Several naturally occurring
coumarins previously found to be potent inhibitors of mouse hepatic
ethoxyresorufin-O-deethylase (
EROD) and/or
pentoxyresorufin-O-dealkylase (
PROD) were examined for their effects on formation of
benzo[a]pyrene (B[a]P) and 7,12-dimethylbenz[a]
anthracene (DMBA)
DNA adducts in mouse epidermis, as well as, their effects on skin
tumor initiation by these
polycyclic aromatic hydrocarbons (PAH).
Bergamottin, a potent inhibitor of hepatic
EROD, given topically 5 min prior to an initiating dose of B[a]P, significantly decreased total covalent binding of B[a]P to
DNA in a dose-dependent manner 24 h
after treatment. A dose of 400 nmol
bergamottin reduced covalent binding of B[a]P by 72%.
Coriandrin, at a dose of 400 nmol also significantly reduced total covalent binding of B[a]P by 59%. In addition, formation of the major (+)anti-B[a]P-diol epoxide-N2-dGuo adduct was selectively reduced by both of these
coumarins. In contrast,
bergamottin and
coriandrin did not significantly decrease covalent binding of DMBA to epidermal
DNA at doses of either 400 nmol or 800 nmol.
Imperatorin and
isopimpinellin, which are more potent inhibitors of hepatic
PROD activity, significantly reduced overall binding of DMBA to epidermal
DNA by 67% and 52%, respectively, when applied at doses of 400 nmol. These two
coumarins also inhibited B[a]P-
DNA adduct formation at similar doses but to a lesser extent.

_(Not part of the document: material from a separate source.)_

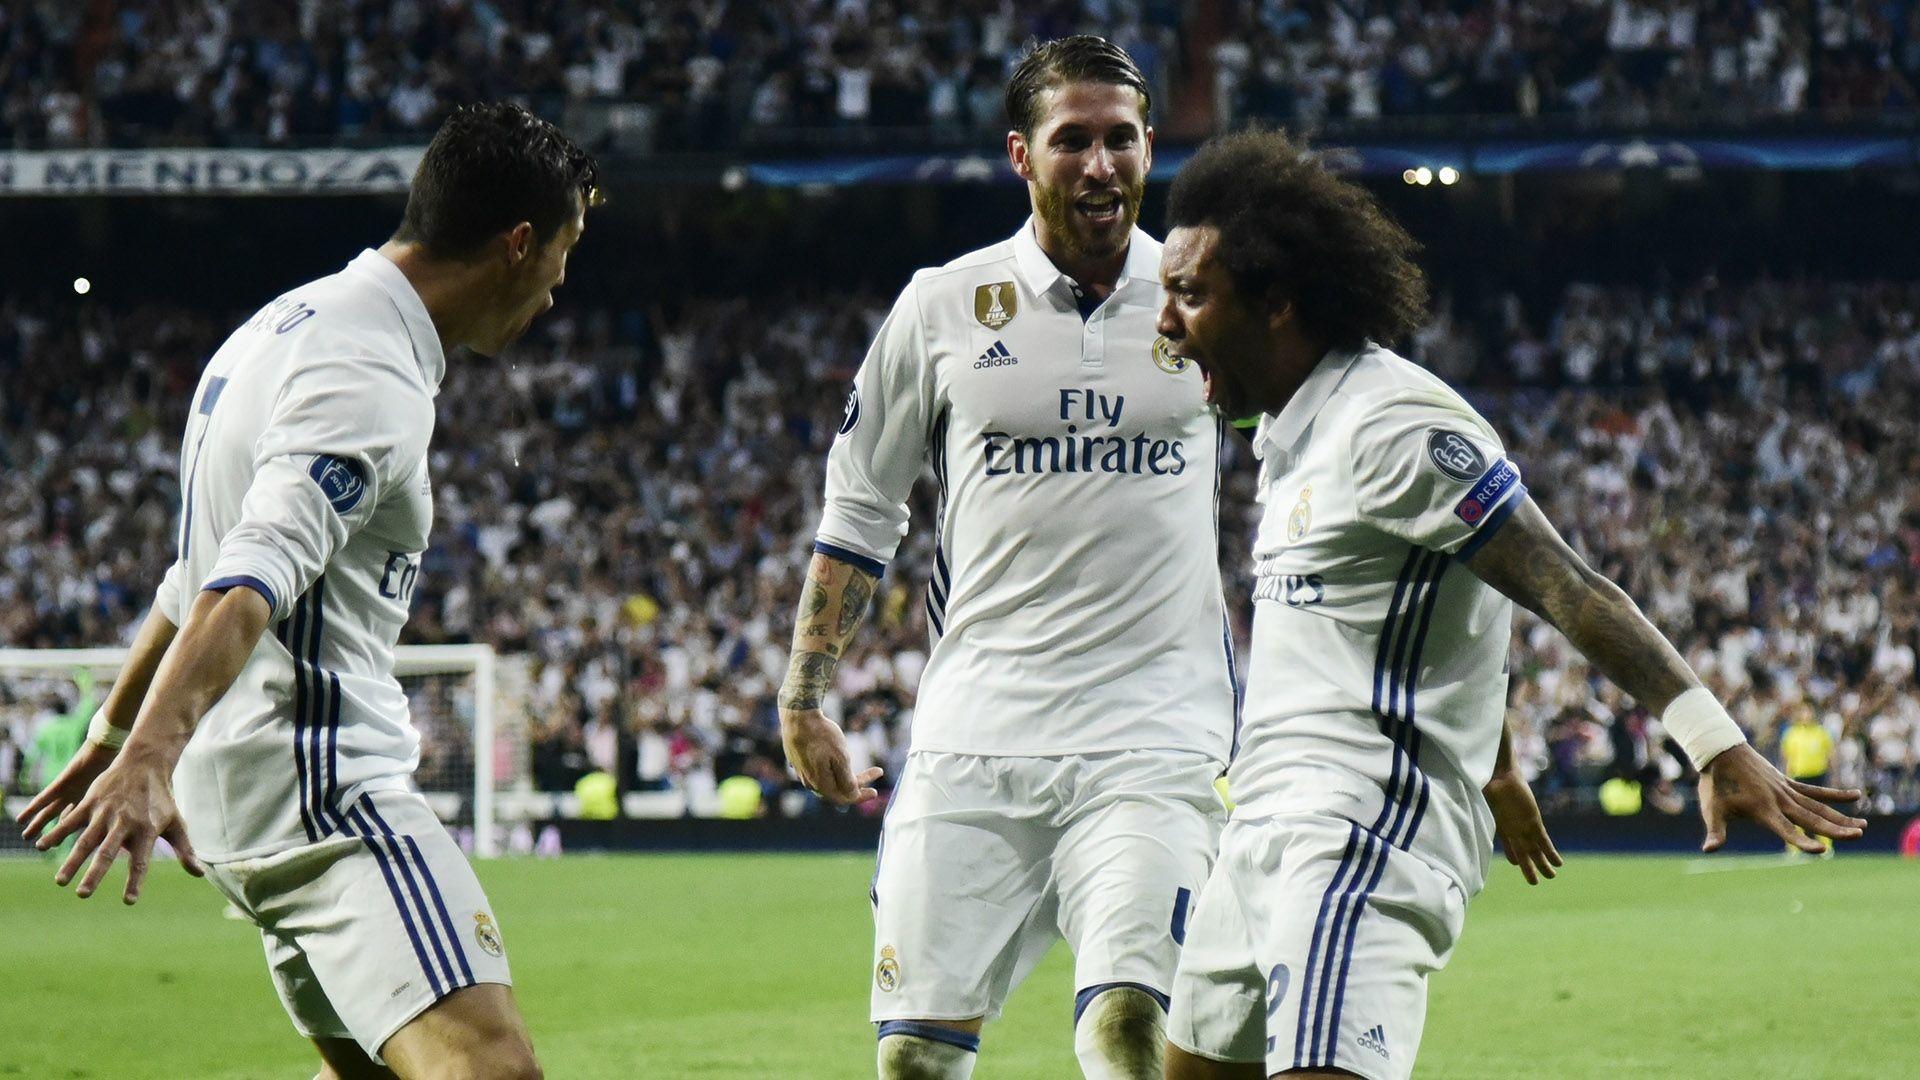 1920x1080 Wallpaper Keren Real Madrid 2017 2018 Wallpaper6
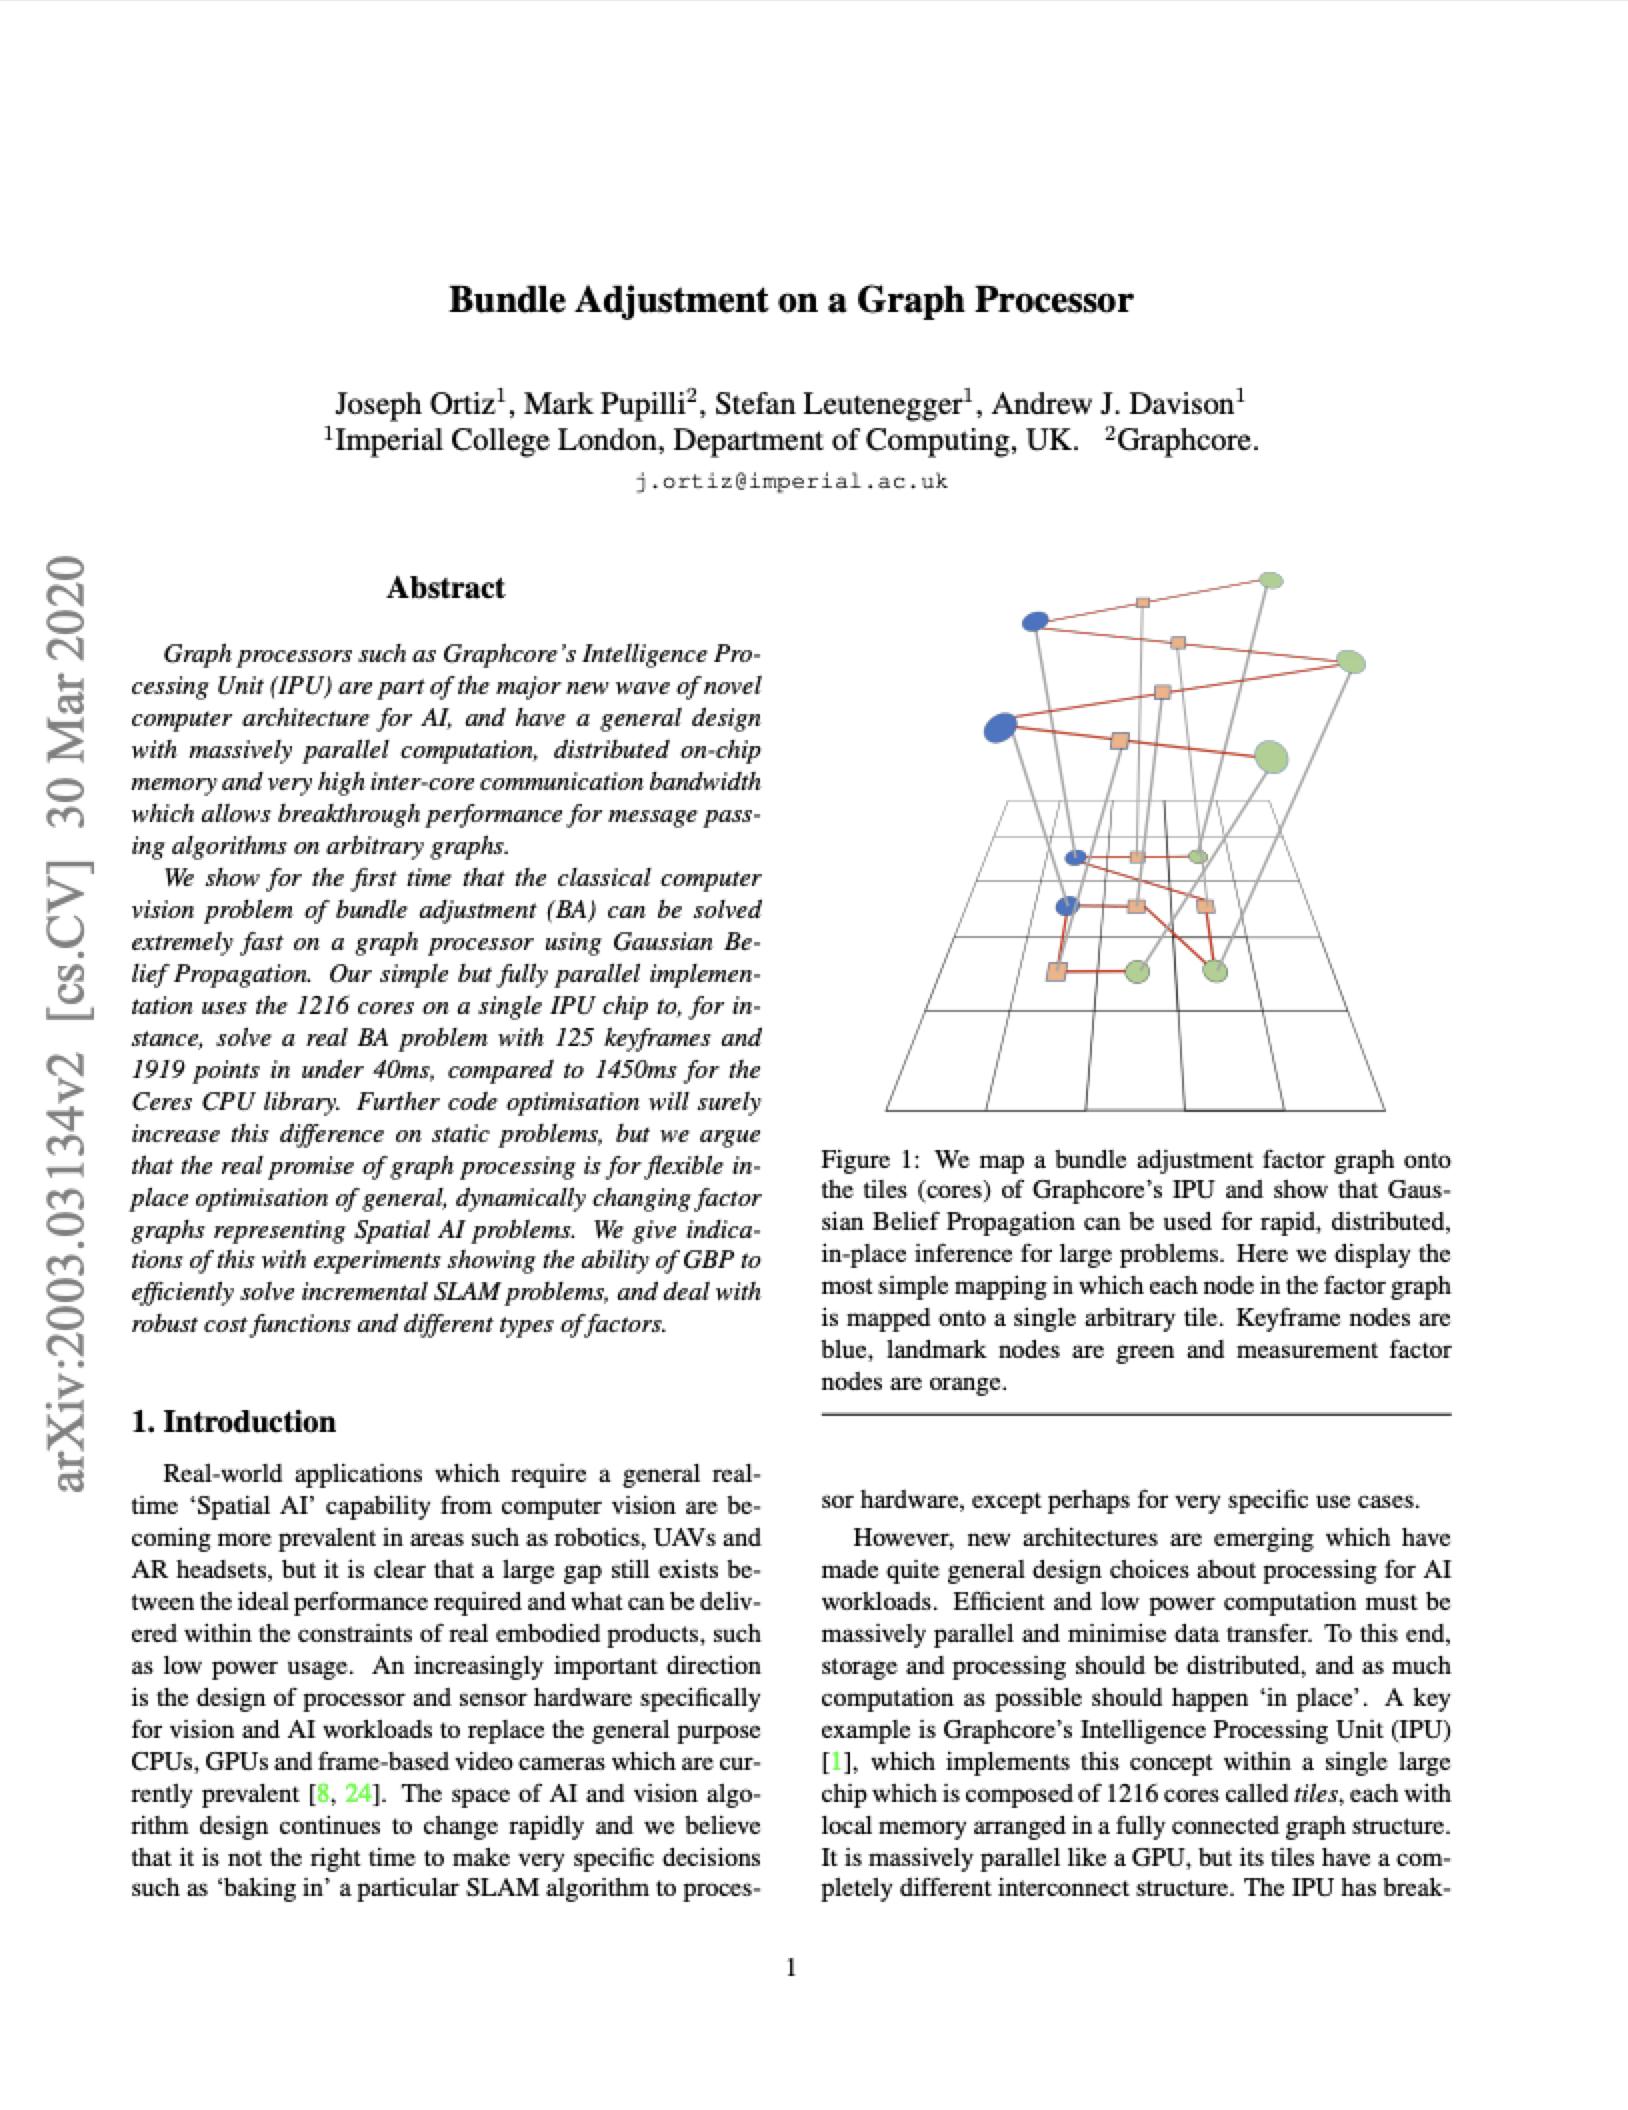 Imperial College London: Bundle Adjustment on a Graph Processor

Imperatorin at a dose of 400 nmol dramatically decreased formation of covalent
DNA adducts derived from both the anti and syn diol
epoxides of DMBA.
Bergamottin was a potent inhibitor of
tumor initiation by B[a]P while
coriandrin was less effective in this regard.
Imperatorin was an effective inhibitor of skin
tumor initiation by DMBA and also inhibited complete
carcinogenesis by this PAH. At dose levels higher than those effective against DMBA,
imperatorin also inhibited
tumor initiation by B[a]P. The results demonstrate that several naturally occurring
coumarins possess the ability to block
DNA adduct formation and
tumor initiation by PAHs such as B[a]P and DMBA. The mechanism for reduced
DNA adduct formation and
tumor initiation appears to involve inhibition of the P450s involved in the metabolic activation of these
hydrocarbons. Finally, the differential effects of certain
coumarins on B[a]P vs
DMBA DNA adduct formation and
tumor initiation may be useful for dissecting the role of specific
cytochromes P450 in their metabolic activation.